3) Suspect Individualism and Dangerous Others. “New” and “different” are not negative terms in American culture. Current advertising appeals to it all the time. Ethnic music and restaurants thrive–so why not the folks that originate them? Today's xenophobia may not be an indelible characteristic of the American psyche, but a relatively superficial effect of economic hard times. Many positive sensibilities are there to be addressed, and one can try to locate blame where it belongs -- on the power structures, not on their victims.

4) Rigid Moralism. Puritanism and profligacy have always existed in dubious battle. Hawthorne's “Maypole of Marymount” teases the most rigid among us, creating chaos within control. Understanding the inner workings of self and others is a possible key to a more peaceful order. Mitch McConnel (married to an Asian-American) may be secretly fascinated with Louisville's gay pride parade, but he has no conceptual tree on which to hang it. Can we make it okay for him and his to ponder such things, if only as examples of the human condition?

5) Patriotic Psychic Numbing. Now that the information highway has invaded the world, images of Others seep daily into consciousness. For all the "good guy/bad guy" media spin, there may be a perception of common humanity lurking under the thickest hide, kept in place only by fear. Should that hide begin to melt, psychic numbing will disappear with it and blinding patriotism might be open to fascination and even generosity. “They're just dumb, greedy sonsabitches” sells short even a right-winger's capacity for wonder.

6) The Culture of Punishment. As nuclear power, once projected as “too cheap to meter,” has priced itself out of existence, so must three-strikes prison building make its idiocy felt. When the quick fix fails–as even a casual observer can see it must–Americans will have to confront the contradictions of dominance. And here our egalitarian “second language” can come into play, creaking open through cognitive dissonance. If even Dick Cheney supports his daughter in her lesbianism, can angry, punishing America be all that far behind?

All right. But as Cheney so famously said, "So?"

These approaches to the Authoritarian Personality do seem overly optimistic in the era of our once and future Congresses. And surely social and political structures of domination are firmly in place, prejudicing events and guiding their outcomes. But Melville directs our attention to the glimmer of hope, the “unknown but still reasoning thing” behind the unreasoning mask. Far better, perhaps, to organize toward that glimmer and engage that reason then to lapse into despair, and the powerless calling of names.

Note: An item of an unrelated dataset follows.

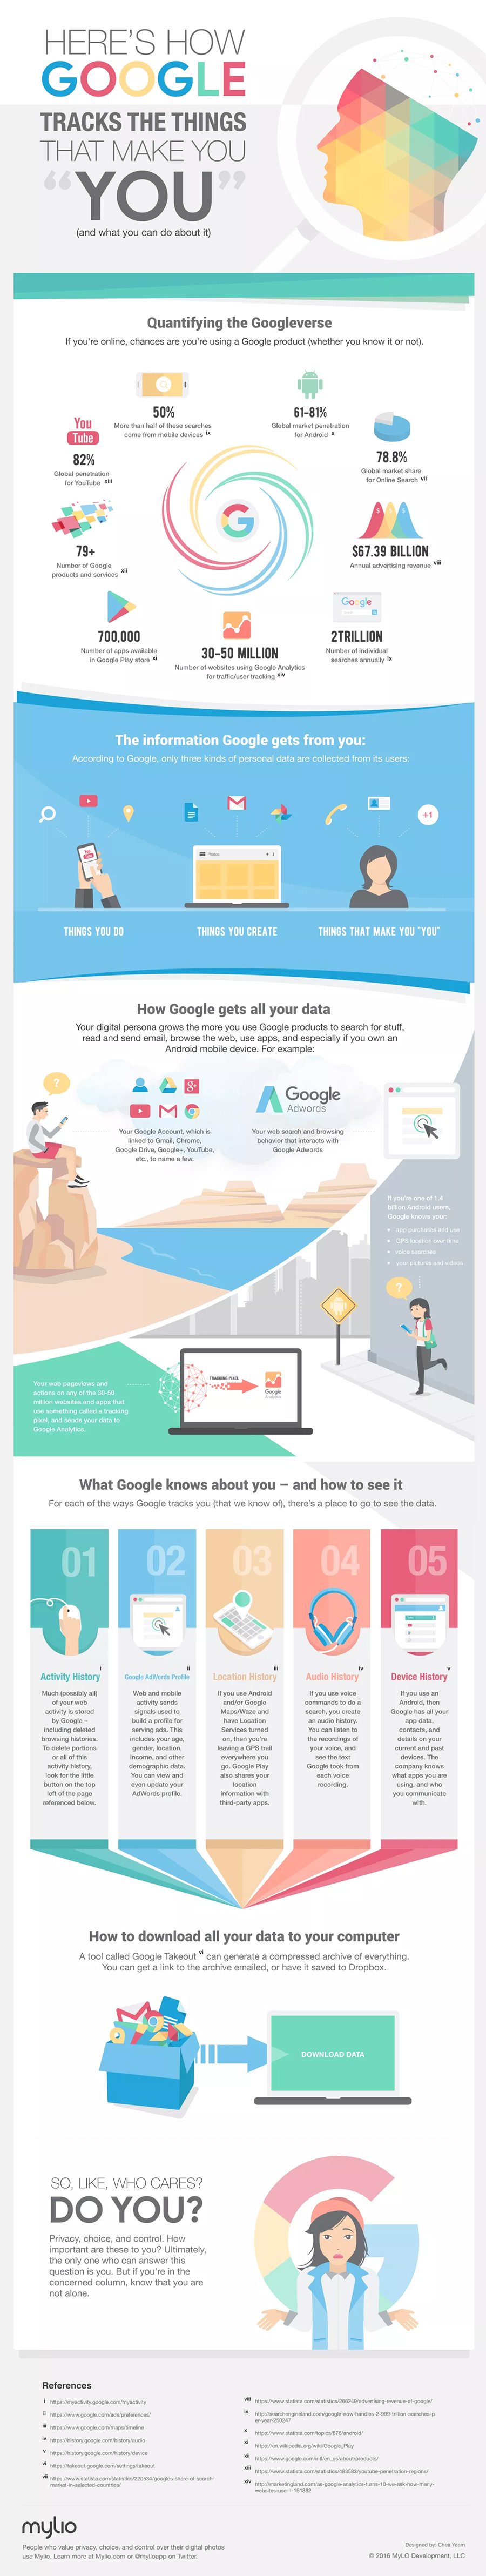 Google is Watching You Infographic

But can the vestigial better angels of our nature swell the chorus of a new, more humane union? Or have badder angel systems so suffocated us, for so long, that the better angels have turned their backs, taken their leave, and fled?

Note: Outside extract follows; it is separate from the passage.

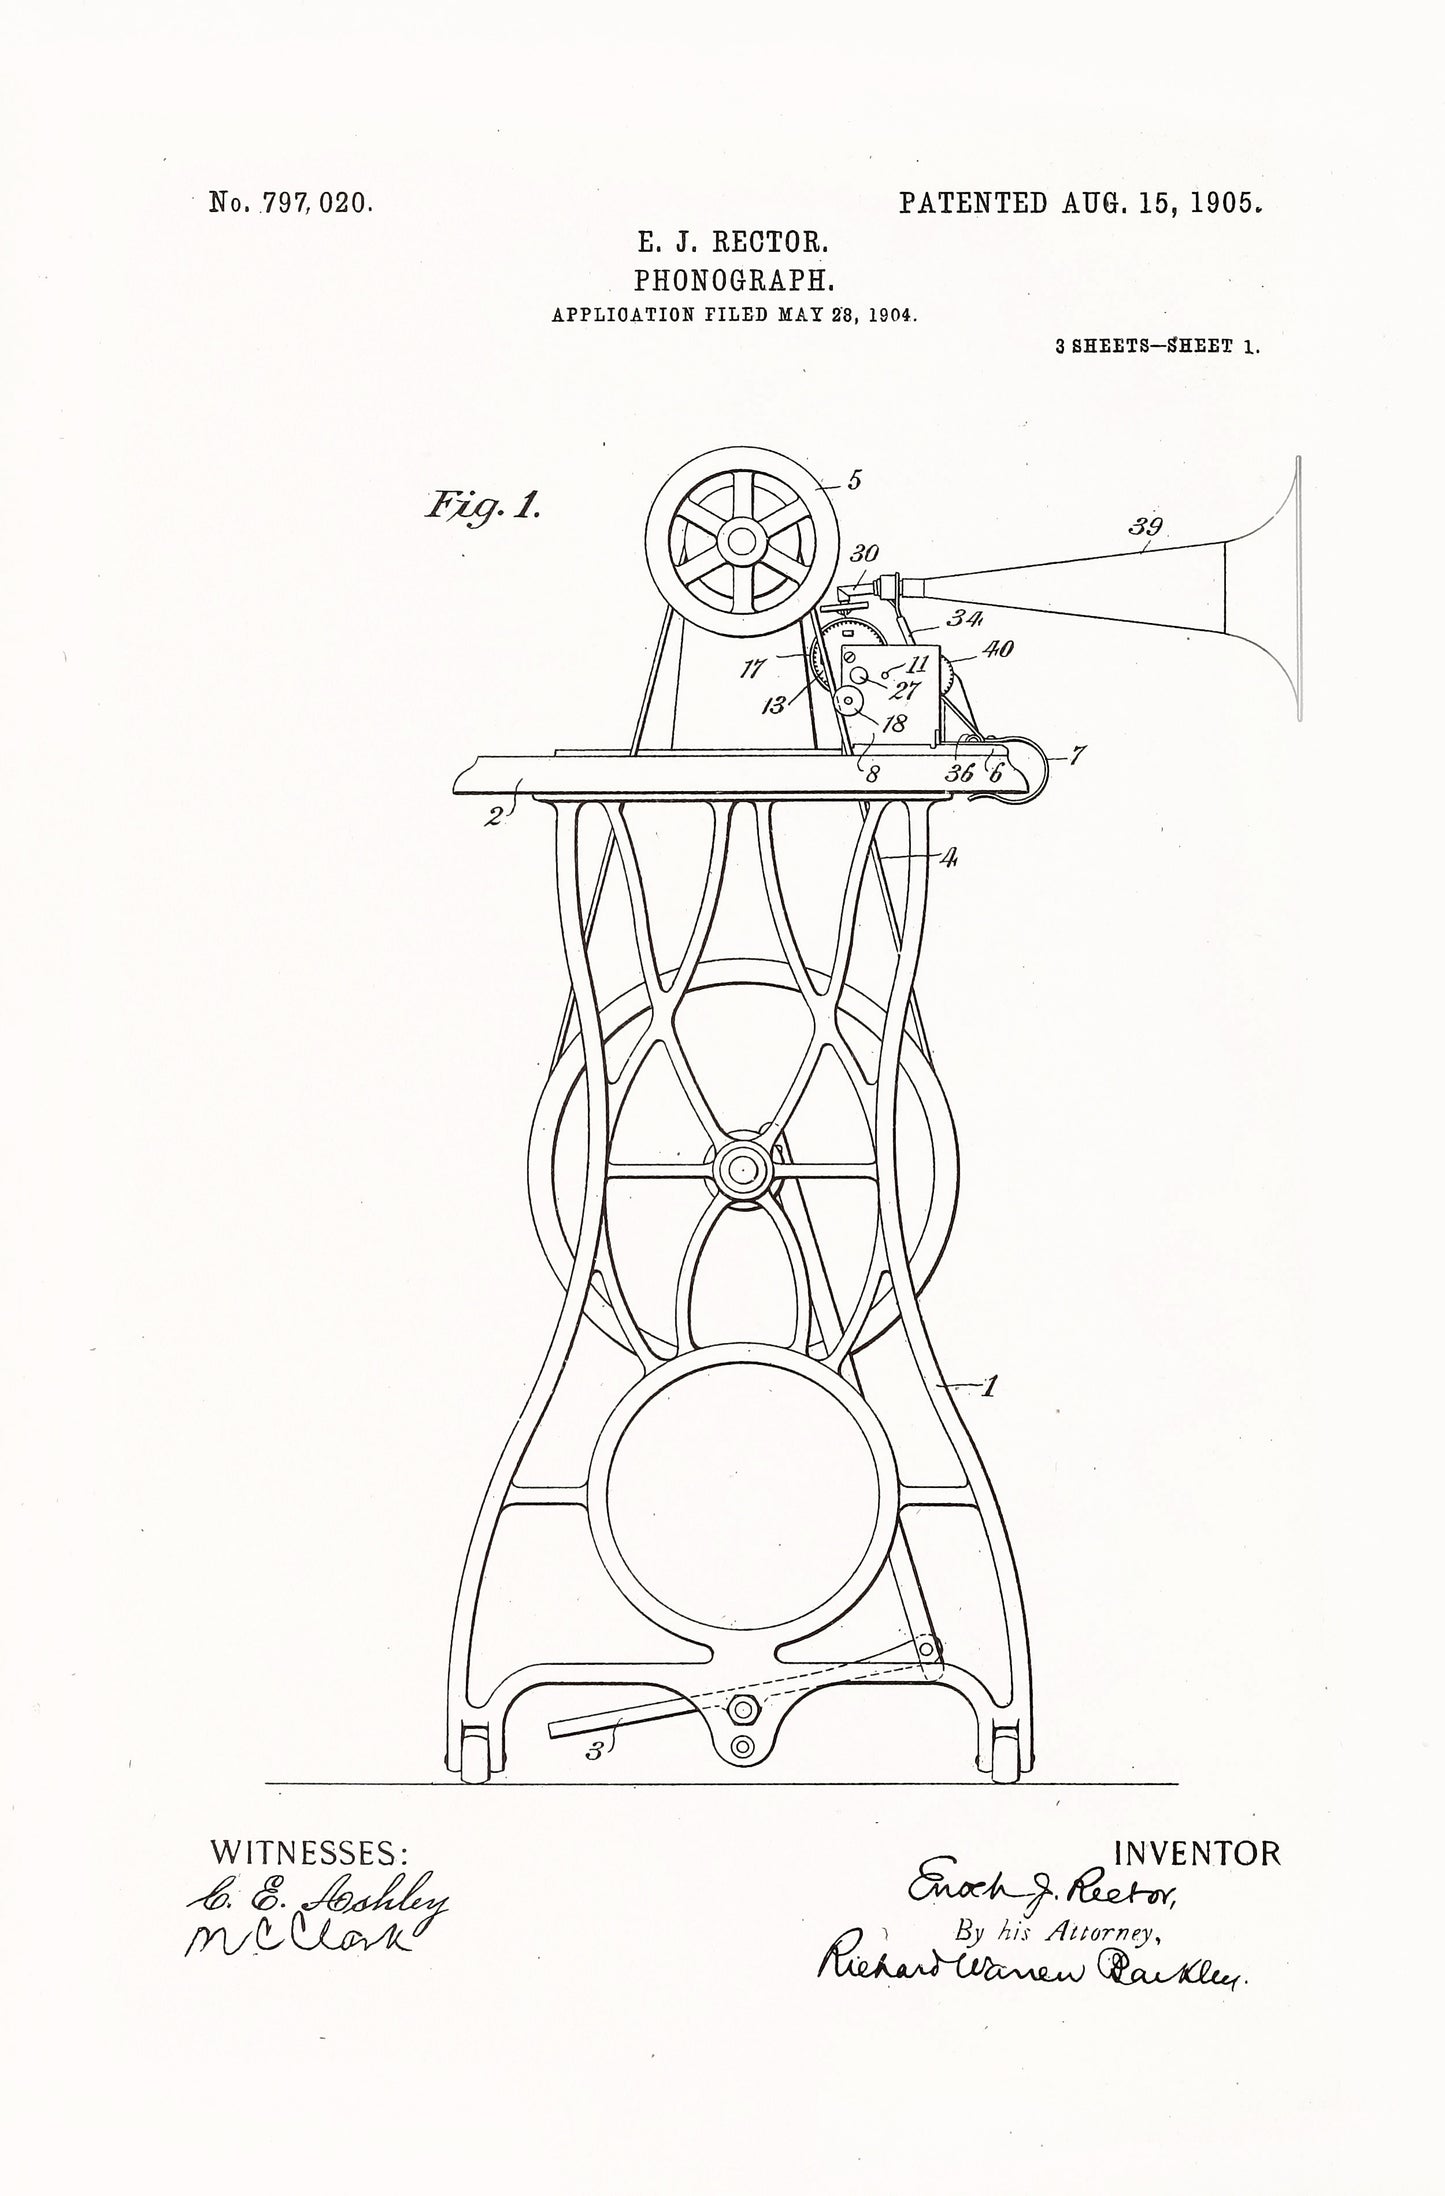 Graphophone Record Player Patents Set 3 [75 Images]

Lincoln's angels must by now confront Walter Benjamin's Angel: angel who seems about to take leave of something, something at which he is staring.  His eyes are wide, his mouth open and his wings outspread.  This is what the Angel of History must look like.  His face is turned toward the past.  What look to us like a chain of occurrences appears to him as one great catastrophe incessantly piling wreck upon wreck and hurling it at his feet.  He would very much like to stay, to waken the dead and make whole what has been shattered.  But a storm is blowing so strongly from Paradise that his wings are pinned back: he can no longer close them.  This storm drives him irresistibly into the future, to which his back is turned, while the pile before him grows.  What we call progress -- that is the storm.

As the winds increase, I'm not betting on the outcome.